── Information

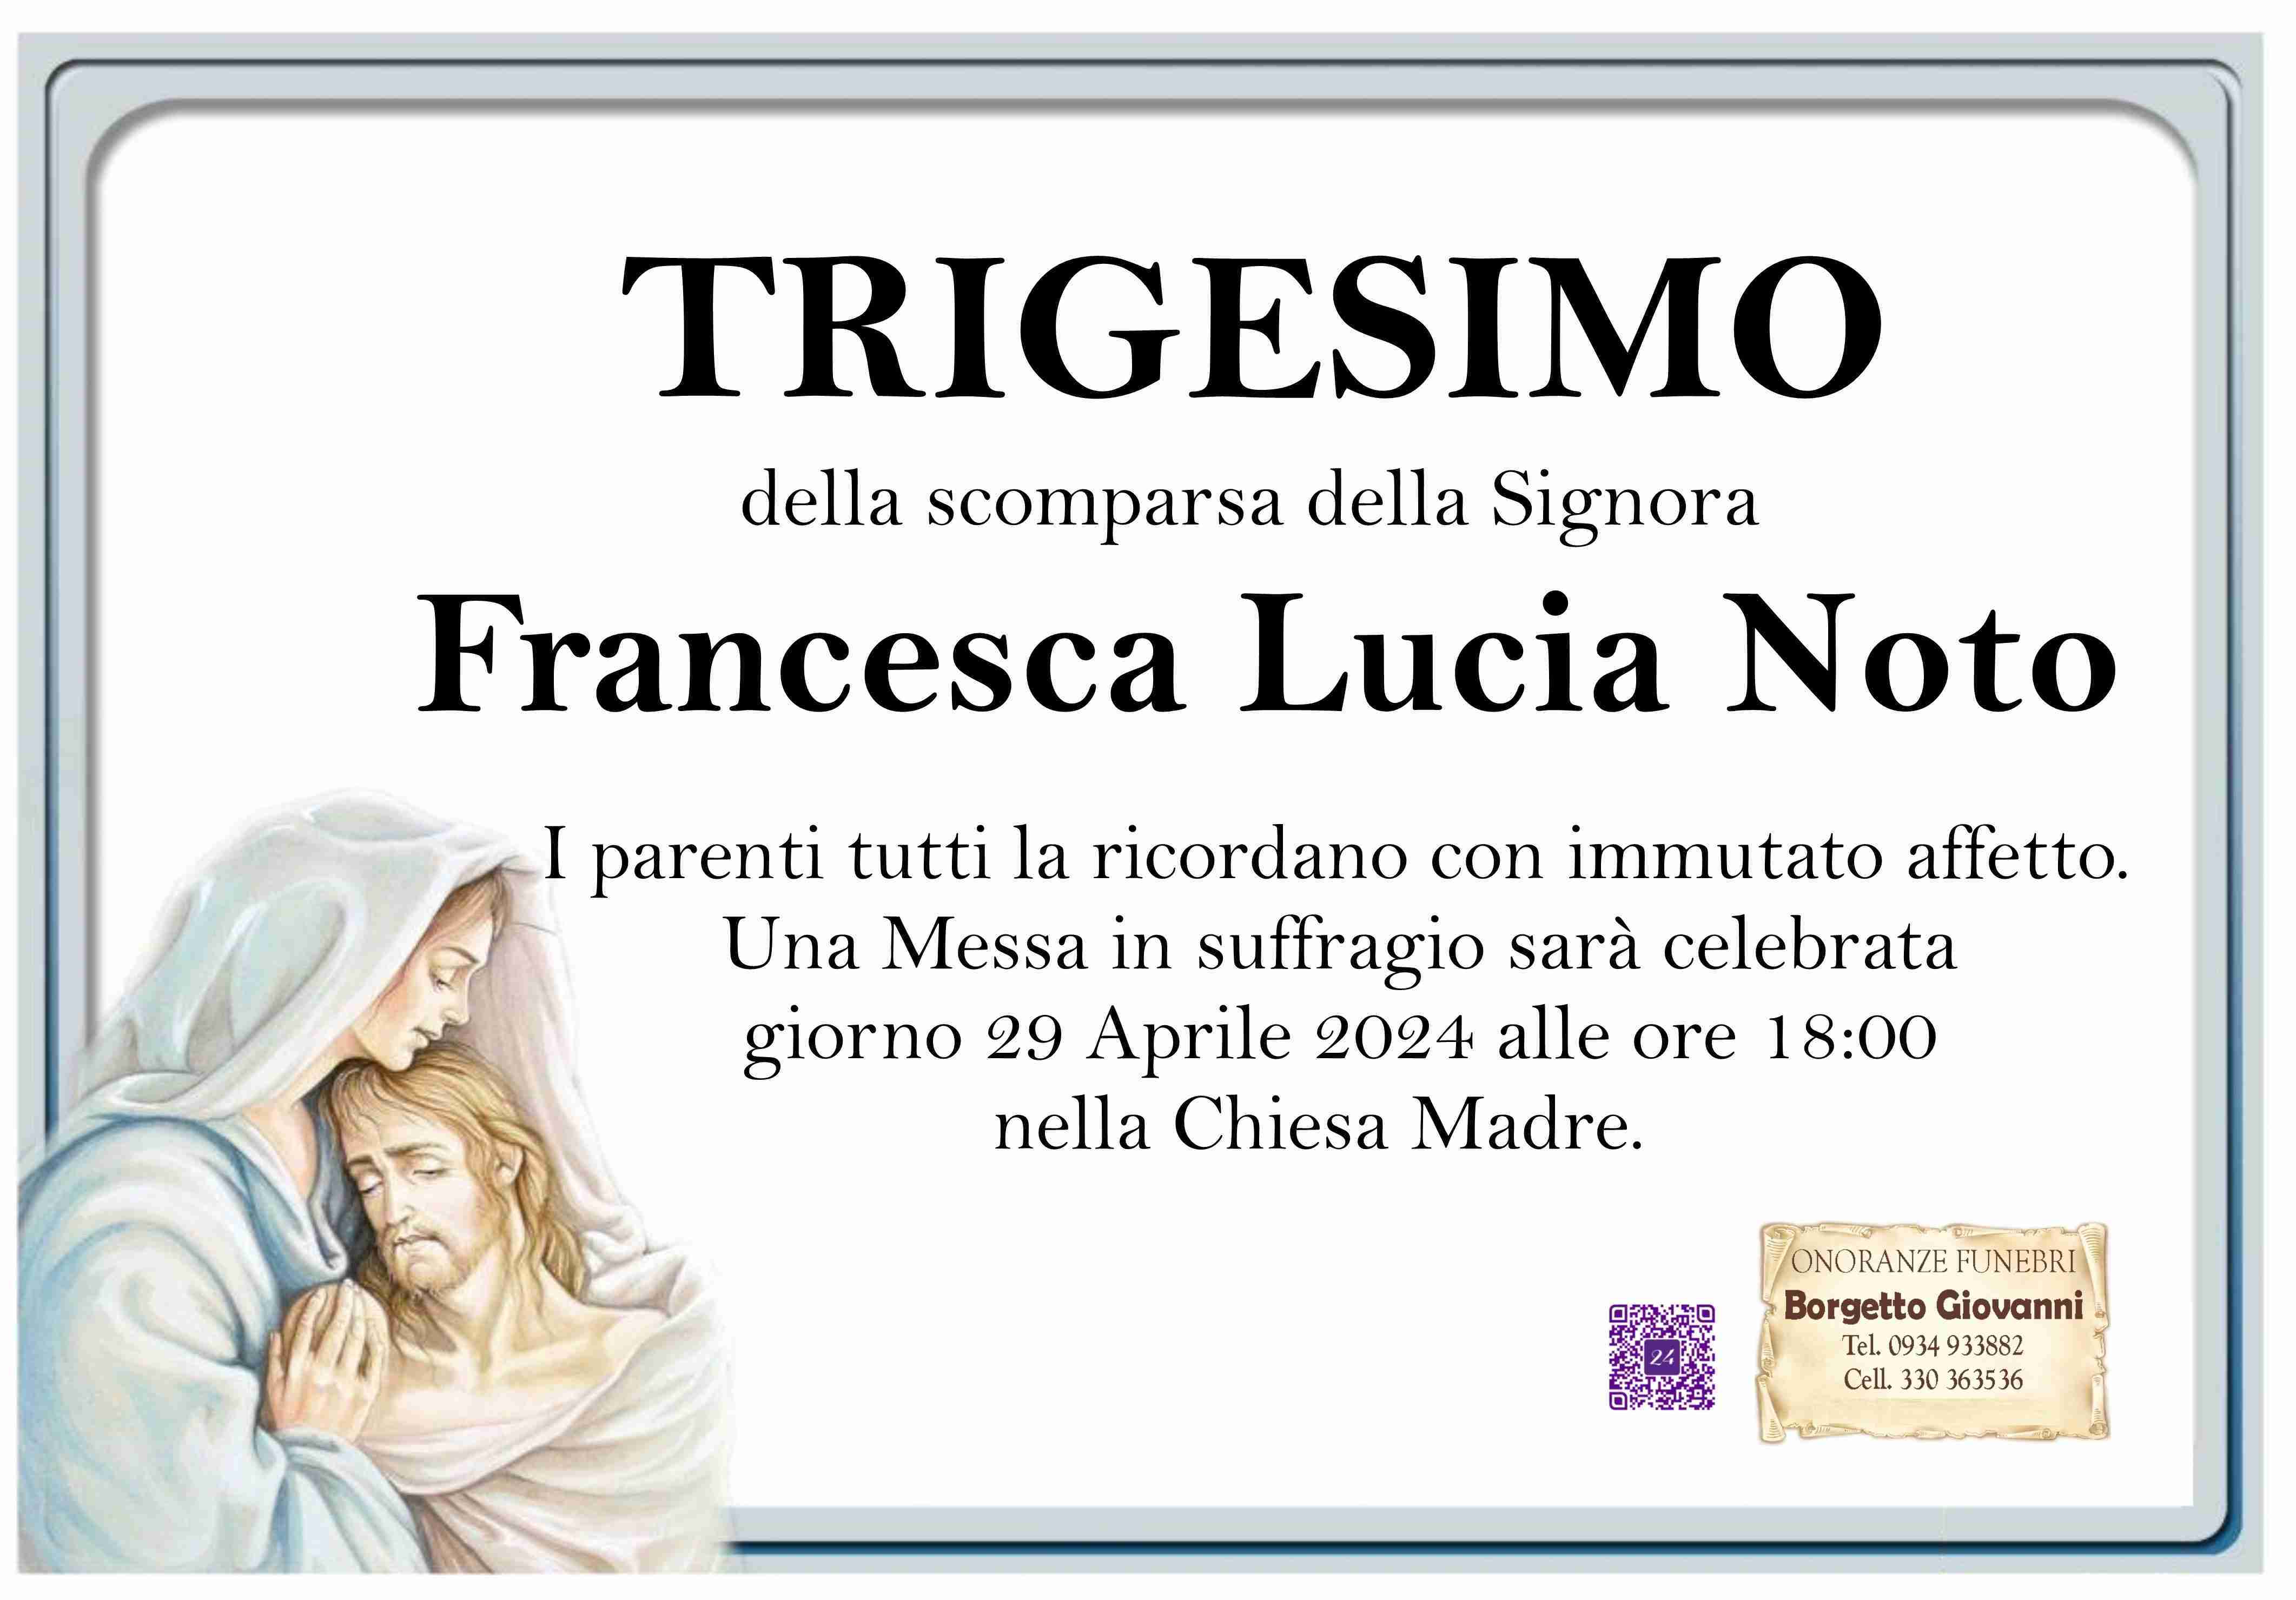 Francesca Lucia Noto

────
── Information

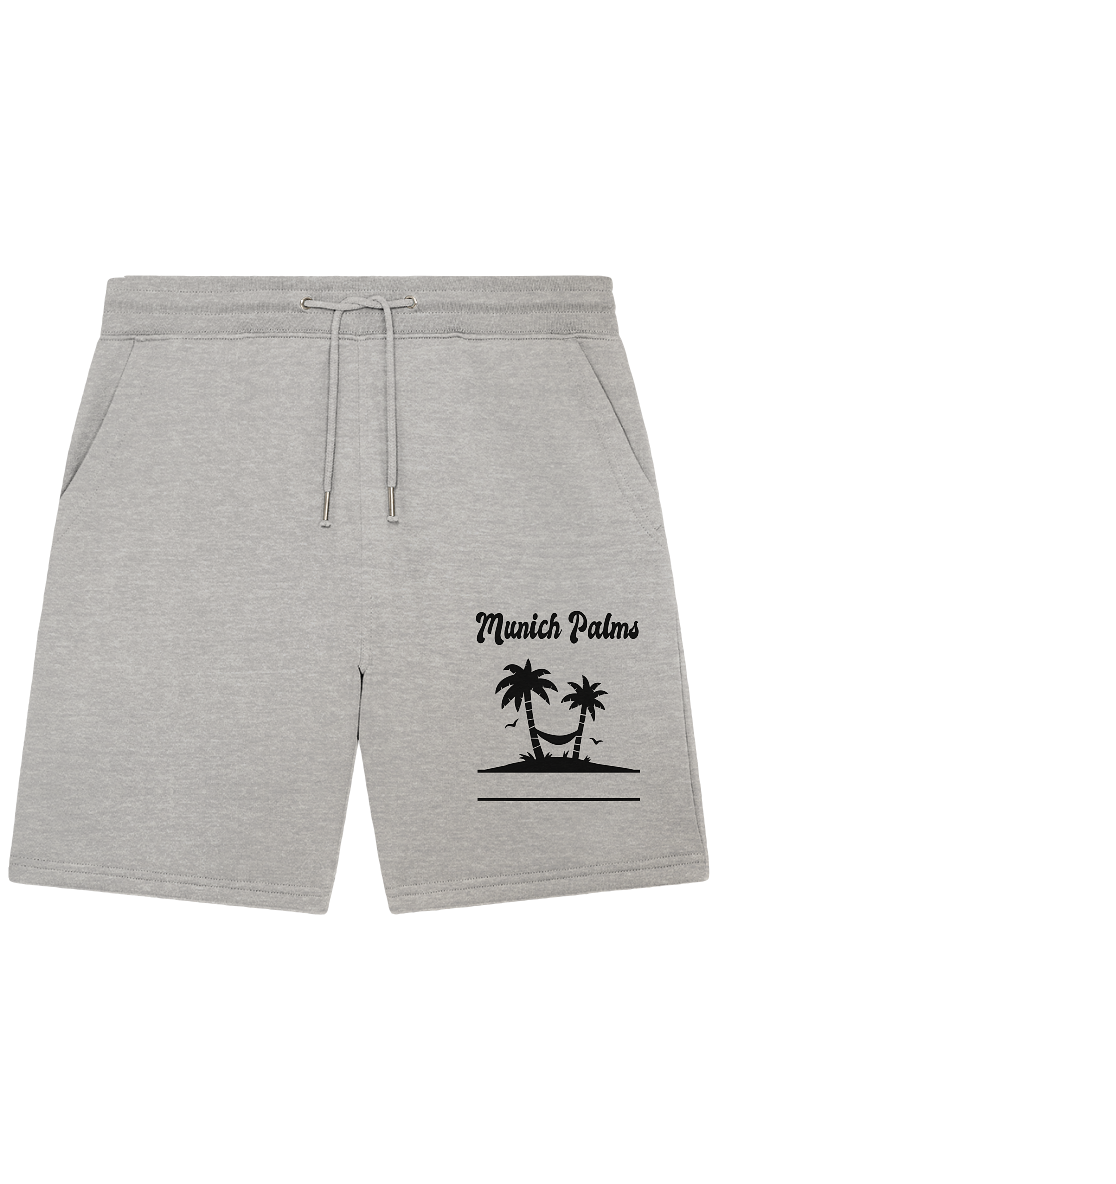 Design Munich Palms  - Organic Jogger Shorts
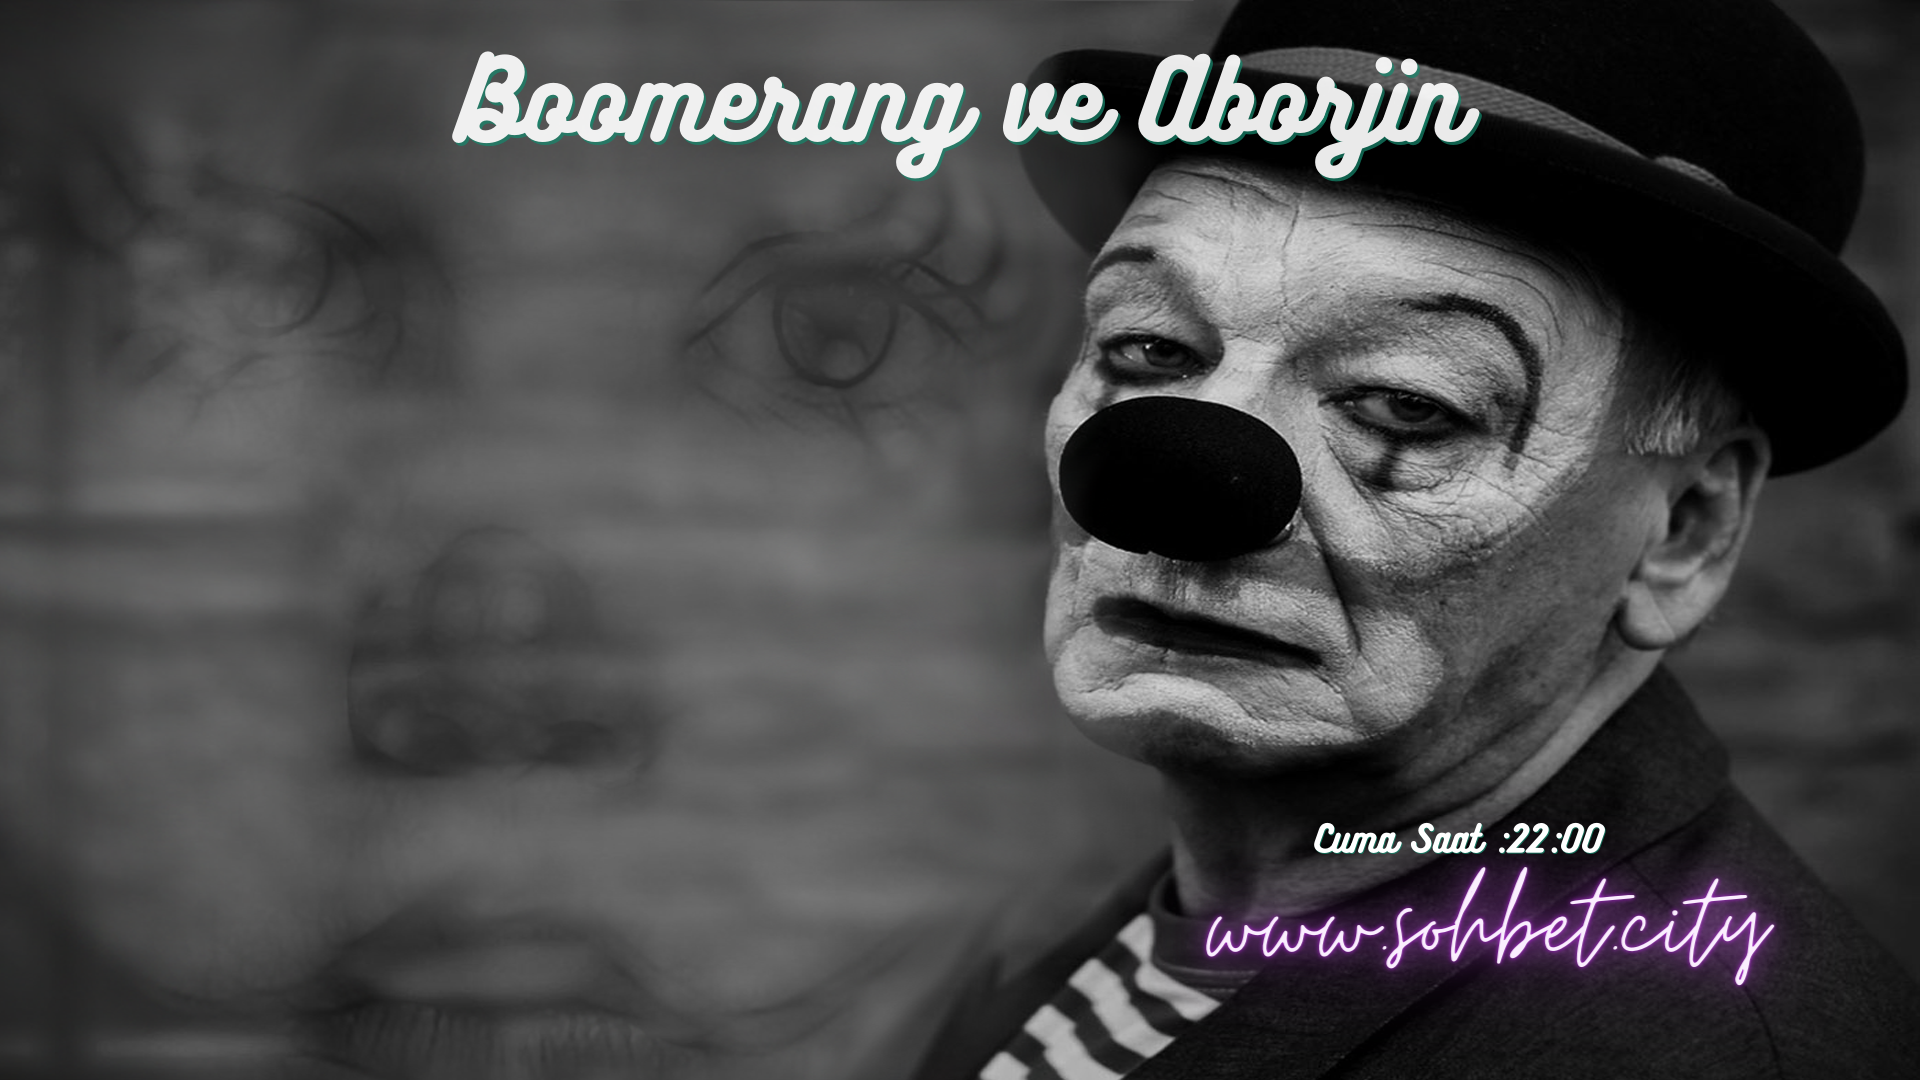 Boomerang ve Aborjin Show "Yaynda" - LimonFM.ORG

────

» **Instructions to follow**:
Taking the records above, print only and exactly the lines from the line with "Design Munich Palms" to the line with "Boomerang ve Aborjin", both kept, and exclude pictures.

» **Task result**:
 Design Munich Palms  - Organic Jogger Shorts
 Boomerang ve Aborjin Show "Yaynda" - LimonFM.ORG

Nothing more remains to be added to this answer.